Was macht der niedersächsische Landtagsabgeordnete Uwe Santjer anders als die anderen? Die Cuxhavener haben ihn am Sonntag mit gut 51 Prozent zum neuen Oberbürgermeister gewählt, während seine SPD bei etwa 20 Prozent verharrte. Santjer weiß, was er will. Das unterscheidet ihn und manch anderen erfolgreichen Sozialdemokraten von seiner Partei. Er kommuniziert am laufenden Meter, er lacht, er quatscht mit den Leuten an der Küste, er menschelt – mit System. Mit einem wie ihm lässt sich das Ende des sozialdemokratischen Zeitalters, das Soziologen bereits Anfang der Achtzigerjahre prognostizierten, etwas aufhalten. Zumindest in Cuxhaven.

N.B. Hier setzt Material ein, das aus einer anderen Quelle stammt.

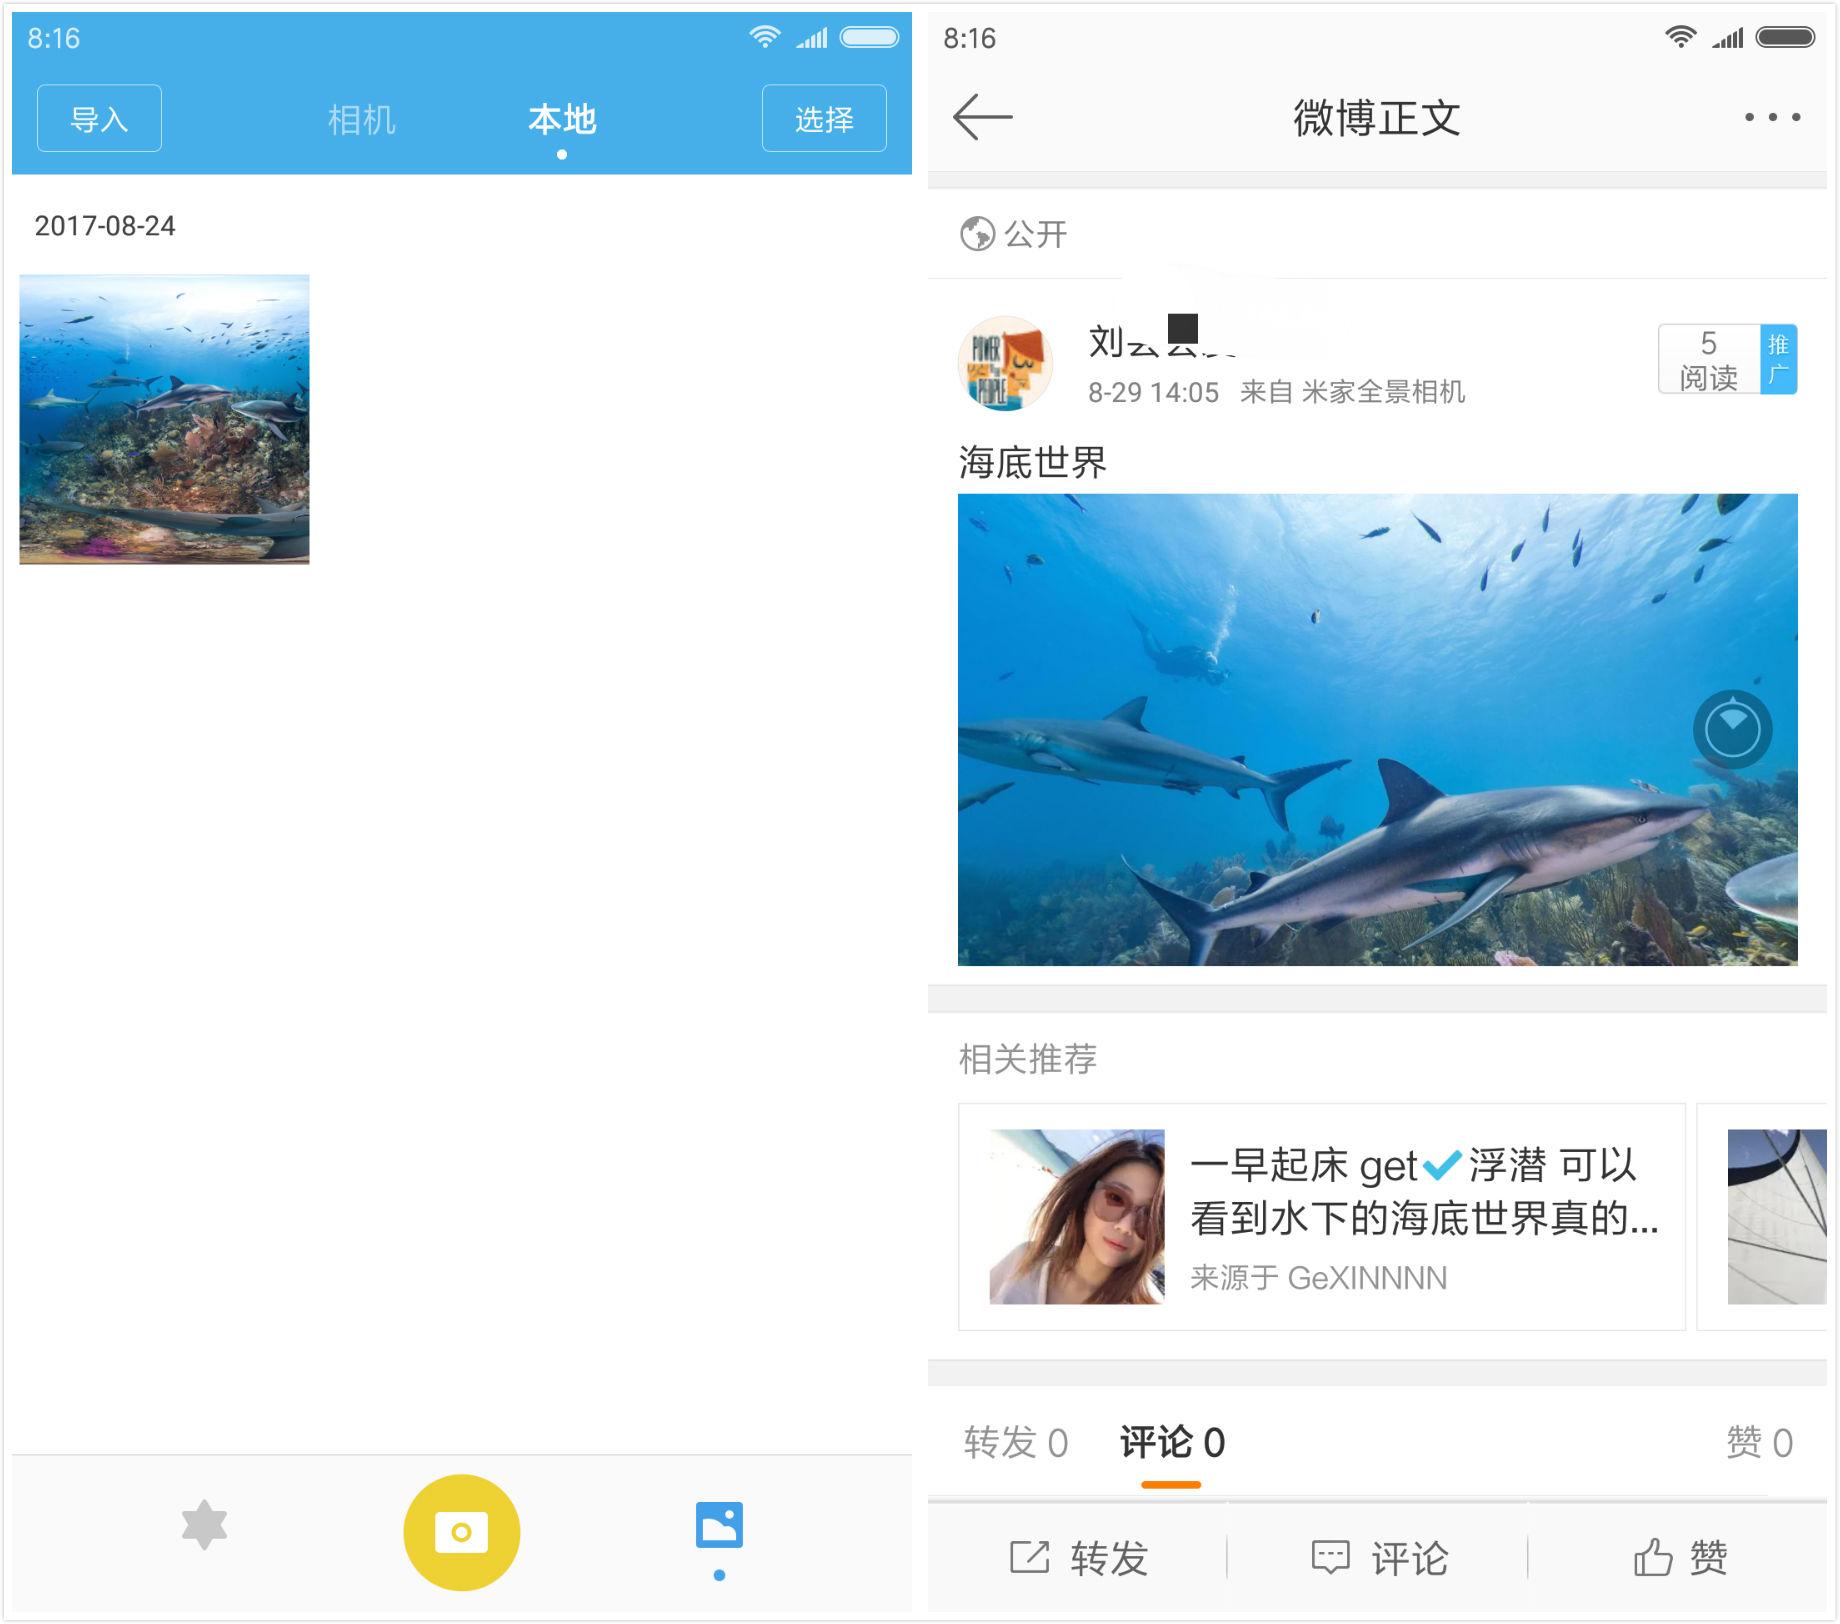 Screenshot_2017-08-29-13-57-25-003_com.sina.weibo_meitu_3.jpg

Natürlich ist das Fehlen von echten Persönlichkeiten aus dem wirklichen Leben nur ein Grund dafür, dass die großen Parteien selbst in ihren Hochburgen verlieren können. Aber es erklärt nicht alles, wie der Blick auf den Wahlsonntag in Niedersachsen zeigt. Die Gewinne der Grünen sind so groß wie die Verluste der SPD, weil den Grünen in der Kompliziertheit dieser Welt ein eindeutiges Thema zugeschrieben wird. Prima Klima eben. Das fehlt vor allem der ehemals großen, alten SPD.
Aber beide Regierungsparteien in Niedersachsen haben es da besonders schwer. Eine Arbeiterbewegung gibt es nicht mehr – wohl aber 100 000 gut verdienende Angestellte bei VW. Da können weder Sozial- noch Christdemokraten einfach als Nur-noch-Klima-Prediger auftreten, aber umso schneller als Klima-Killer verteufelt werden. Von der „Niedersachsenpartei“ sind jedoch vor allem Stephan Weil und seine SPD derzeit weit entfernt. Ob das bis zur OB-Wahl in Hannover noch aufzuholen ist?